On January 19, 2010, plaintiffs filed their SAC. On March 5, 2010, defendants VeriFone Systems, Inc., William Atkinson, Craig Bondy, Douglas Bergeron, Paul Periolat and Barry Zwarenstein filed motions to dismiss plaintiffs' SAC. The motions were fully briefed and oral argument was held on May 17, 2010, however plaintiffs filed an unopposed motion for leave to file a TAC in order to include new evidence allegedly revealed in transcripts of testimony related to the SEC investigation. Docket No. 250 (Motion for Leave) at 2. The court granted plaintiffs' motion and on September 15, 2010, plaintiffs filed their TAC. Docket No. 262 (TAC). Defendants VeriFone Systems, Inc., William Atkinson, Craig Bondy, Douglas Bergeron, Paul Periolat and Barry Zwarenstein now move to dismiss plaintiffs' TAC.

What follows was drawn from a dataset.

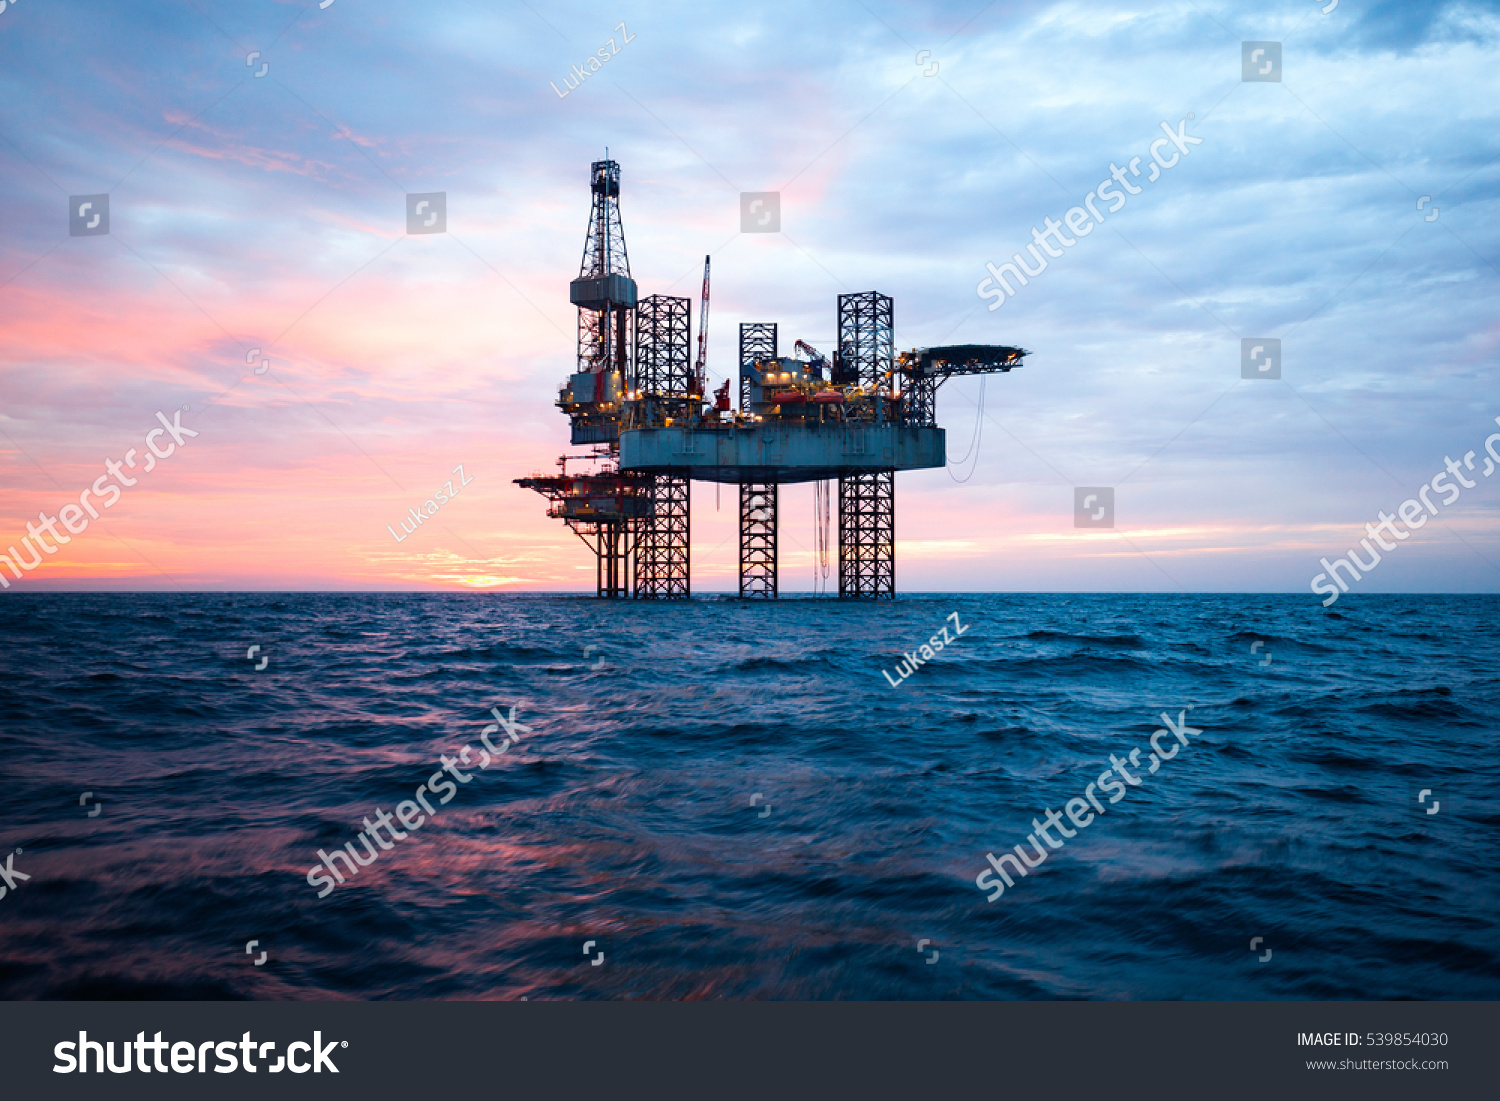 Offshore Jack Up Rig in The Middle of The Sea at Sunset Time #539854030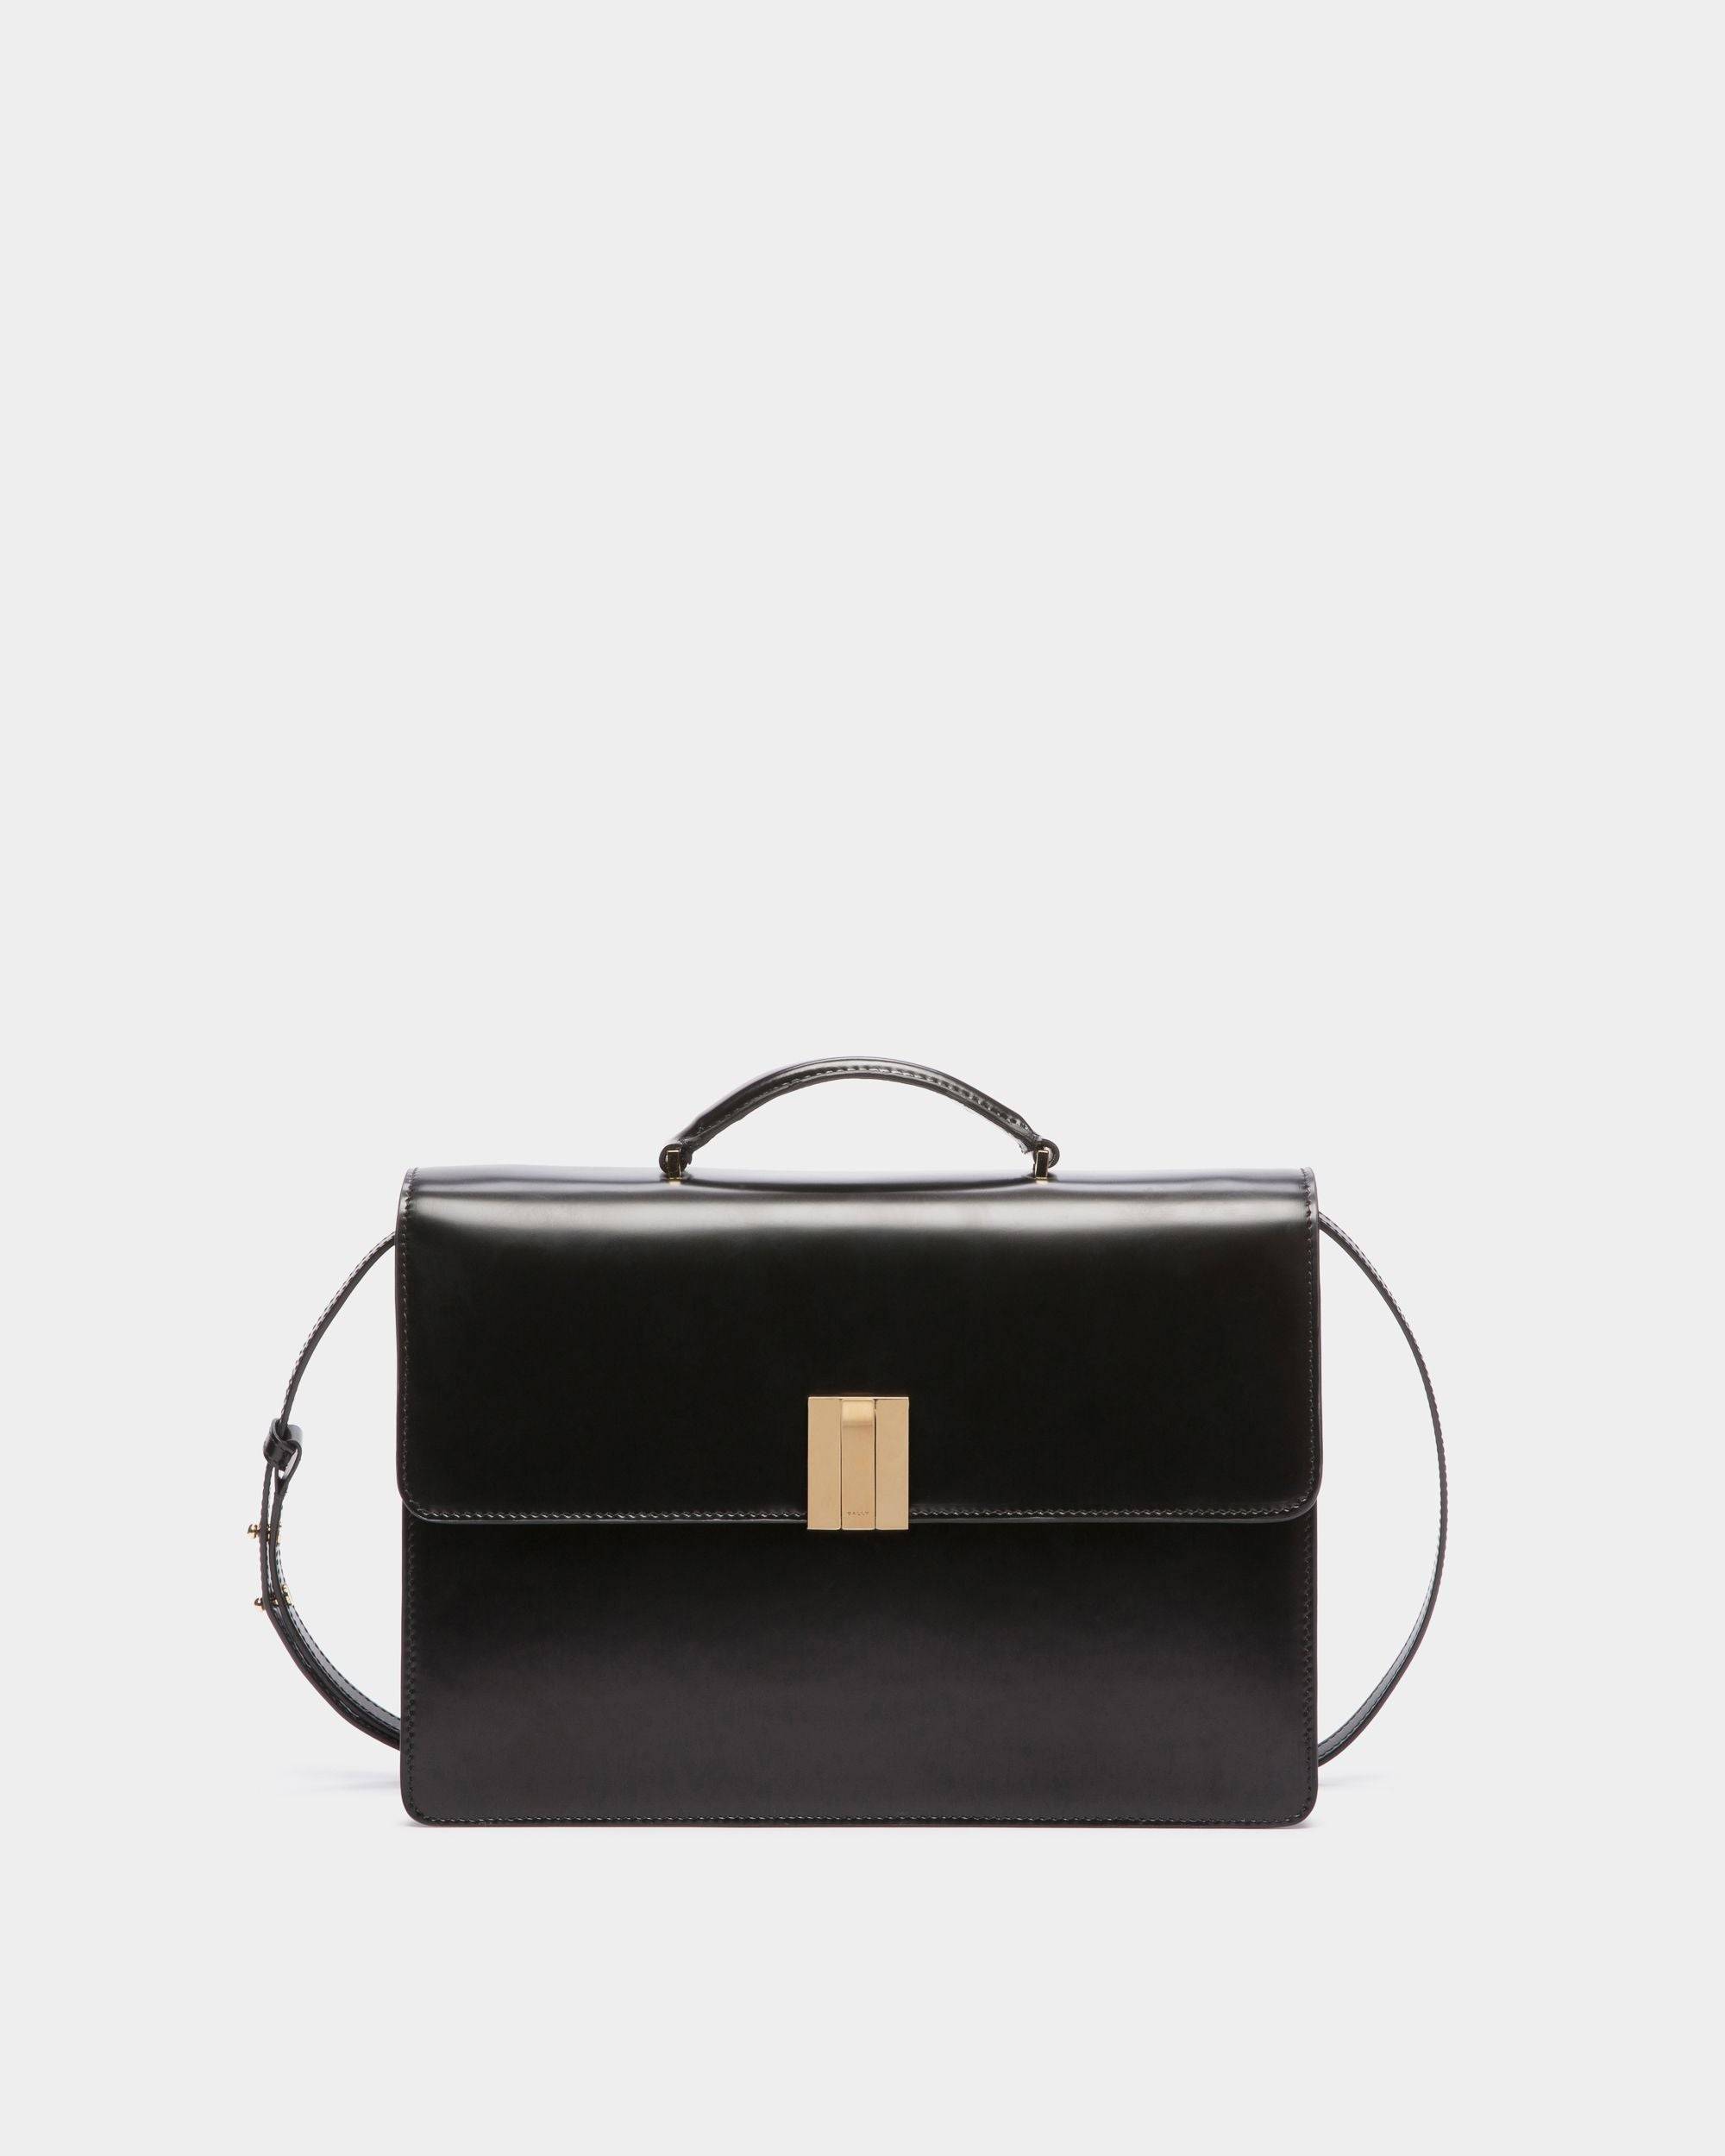 Ollam | Women's Top Handle Bag in Black Brushed Leather | Bally | Still Life Front

LEGAL STANDARD I. Section 10(b)

Under section 10(b) of the Securities and Exchange Act of 1934 ("the Act"), it is unlawful for "any person . . . [t]o use or employ, in connection with the purchase or sale of any security registered on a national securities exchange . . . any manipulative or deceptive device or contrivance in contravention of such rules and regulations as the [Securities and Exchange] Commission may prescribe as necessary or appropriate in the public interest or for the protection of investors." 15 U.S.C. § 78j(b). One such rule prescribed under the Act is Securities and Exchange Commission ("SEC") Rule 10b-5. This rule provides, among other things, "It shall be unlawful for any person . . . [t]o engage in any act, practice, or course of business which operates or would operate as a fraud or deceit upon any person, in connection with the purchase or sale of any security." 17 C.F.R. § 240.10b-5(c). Plaintiffs must prove five elements to prevail on a claim asserting a primary violation of Rule 10b-5: 1) a material misrepresentation or omission of fact; 2) scienter; 3) a connection with the purchase or sale of a security; 4) transaction and loss causation; and 5) economic loss. In re Daou Sys., 411 F.3d 1006, 1014 (9th Cir. 2005).

II. Insider Trading

Section 20A of the Act provides that an insider who trades stock while in possession of material, nonpublic information is liable to any person who traded contemporaneously with the insider. See 15 U.S.C.A. § 78t-1(a). Insider trading can also be a separate, primary violation under section 10(b). See SEC Rule 10b5-1. Such a claim is subject to the section 10(b) pleading requirements discussed below. See Johnson v. Aljian, 394 F. Supp. 2d 1184, 1197 (C.D. Cal. 2004) (citing Ernst Ernst v. Hochfelder, 425 U.S. 185, 193 (1976)). Section 20A claims require proof of a separate underlying violation of the Act. Id. at 1194 (citing In re Advanta Corp. Sec. Litig., 180 F.3d 525, 541 (3d Cir. 1999)).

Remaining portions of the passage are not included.